Three growth funds for this year’s ISA season
The past year has been turbulent for the UK economy. Markets reacted heavily to the outbreak of COVID-19, Britain left the European Union after a considerable transition period and GDP suffered its worst fall on record, contracting by 9.9% in 2020.
With much speculation about how the Chancellor’s Budget announcement on March 3rd could affect the public, it has never been a more challenging time for savers and investors. However, the core investing principles remain the same. It’s easy to respond to short-term noise, especially around ISA season as we review our portfolio’s performance towards the end of the tax year but investors should always look at the long-term investment opportunities.

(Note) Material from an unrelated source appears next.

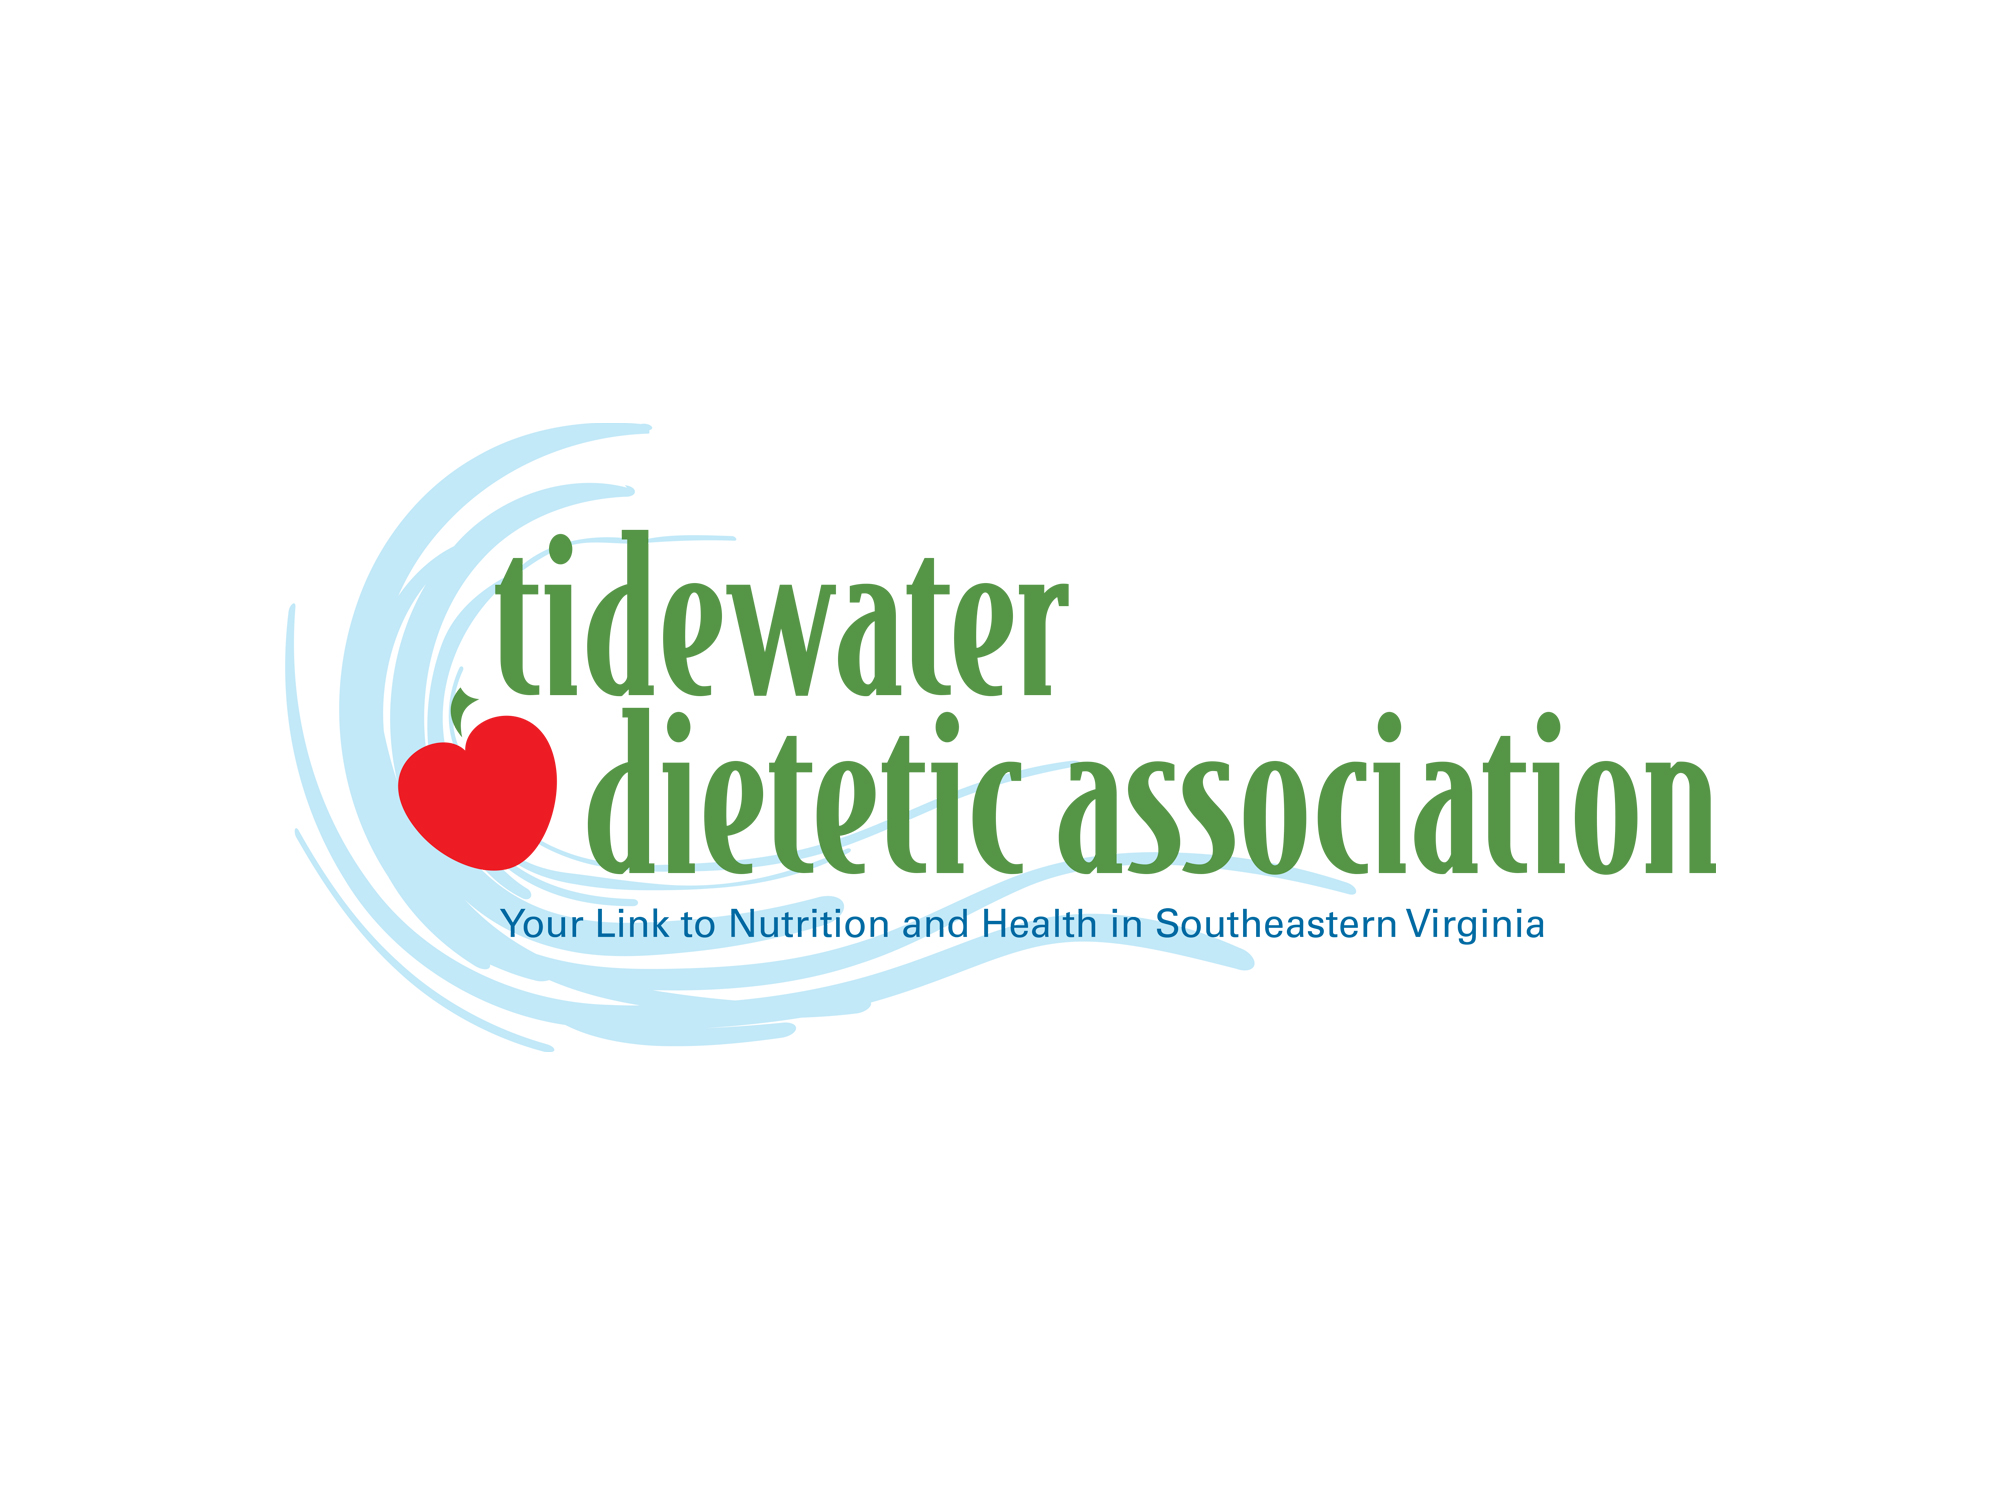 Tidewater Dietetic Association, 2009.

Below, Adrian Lowcock, head of personal investing at Willis Owen, recommends three funds for investors seeking long-term growth opportunities this ISA season.
ASI Global Smaller Companies
Harry Nimmo uses the ‘Focus on Change’ matrix screening approach, which is adopted across the ASI UK equities team. This matrix ranks the wide universe of over 6,000 companies on growth, momentum, quality and valuation scores with those found in the top quintile forming a basis for idea generation. After further fundamental research, each member of the small-cap team contributes to a ‘best ideas’ list, from which Nimmo builds the portfolio. We believe this fund offers a good way to capture the growth characteristics of smaller companies with the added benefit of global diversification.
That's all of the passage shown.